Ziołowe historie - czarny kwiat wanilii
Wanilia jest jedną z najsmaczniejszych i najdroższych przypraw. Nie przypadkiem zalicza się ją do tzw. "elitarnej trójki" tuż obok szafranu i ziaren kardamonu. Pobudza zmysły, uwodzi zapachem, często przywołując wspomnienia z dzieciństwa i ulubione smaki ciast, lodów czy deserów. Mało kto potrafi oprzeć się jej aromatowi, dlatego chętnie wykorzystuje się ją w kosmetyce, do produkcji perfum, kadzideł, olejków i świec zapachowych.
W artykule znajdują się linki i boksy z produktami naszych partnerów.
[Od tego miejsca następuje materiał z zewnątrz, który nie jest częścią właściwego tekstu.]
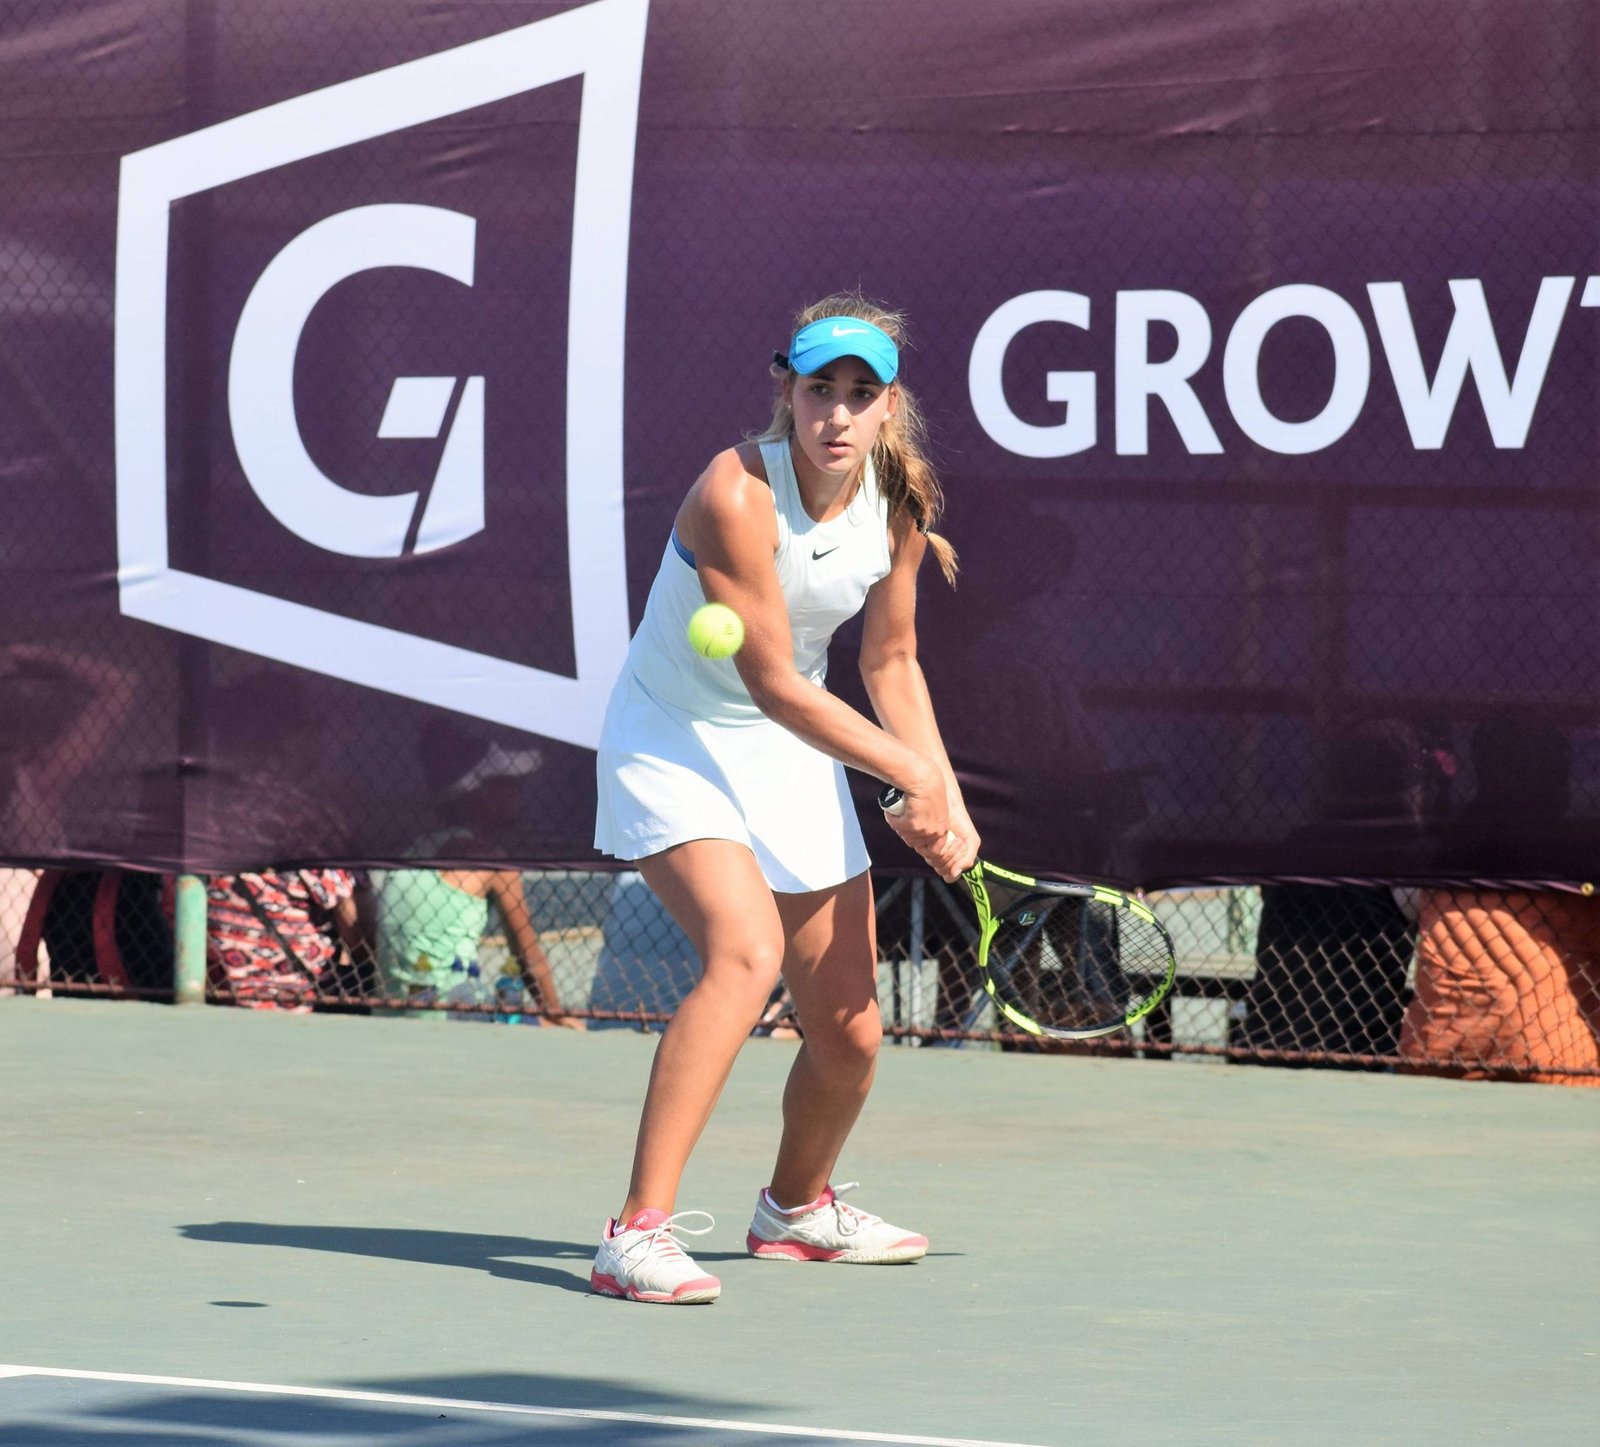 Potchefstroom to host international tennis events in March - Sports Leo

Wybierając je, wspierasz nasz rozwój.
Wanilię często błędnie kojarzy się ciężkimi, charakterystycznymi zapachami Orientu, nie wiedząc, że pochodzi z Meksyku, a jej pojawieniu się towarzyszyły starożytne indiańskie legendy. Jeden z najczęściej przytaczanych mitów wywodzi się z plemienia Totonaków, które jako pierwsze miało odkryć sekrety wanilii, i opowiada o nieszczęśliwej miłości księżniczki Xanat. Ojciec Xanat nie pozwolił córce poślubić zwykłego śmiertelnika, uważając, że jest jej niegodny, a gdy para uciekła, wysłannicy króla schwytali ją, po czym zabili w wyjątkowo okrutny i bezwzględny sposób. Kochankom wyszarpnięto z piersi wciąż bijące serca, a następnie złożono je w ofierze bogom. Tuż po zbrodni, w miejscu, w którym krew księżniczki i jej ukochanego spłynęła na ziemię, wyrosło piękne pnącze, kwitnąc tak krótko, jak krótko trwała ich nieszczęśliwa miłość.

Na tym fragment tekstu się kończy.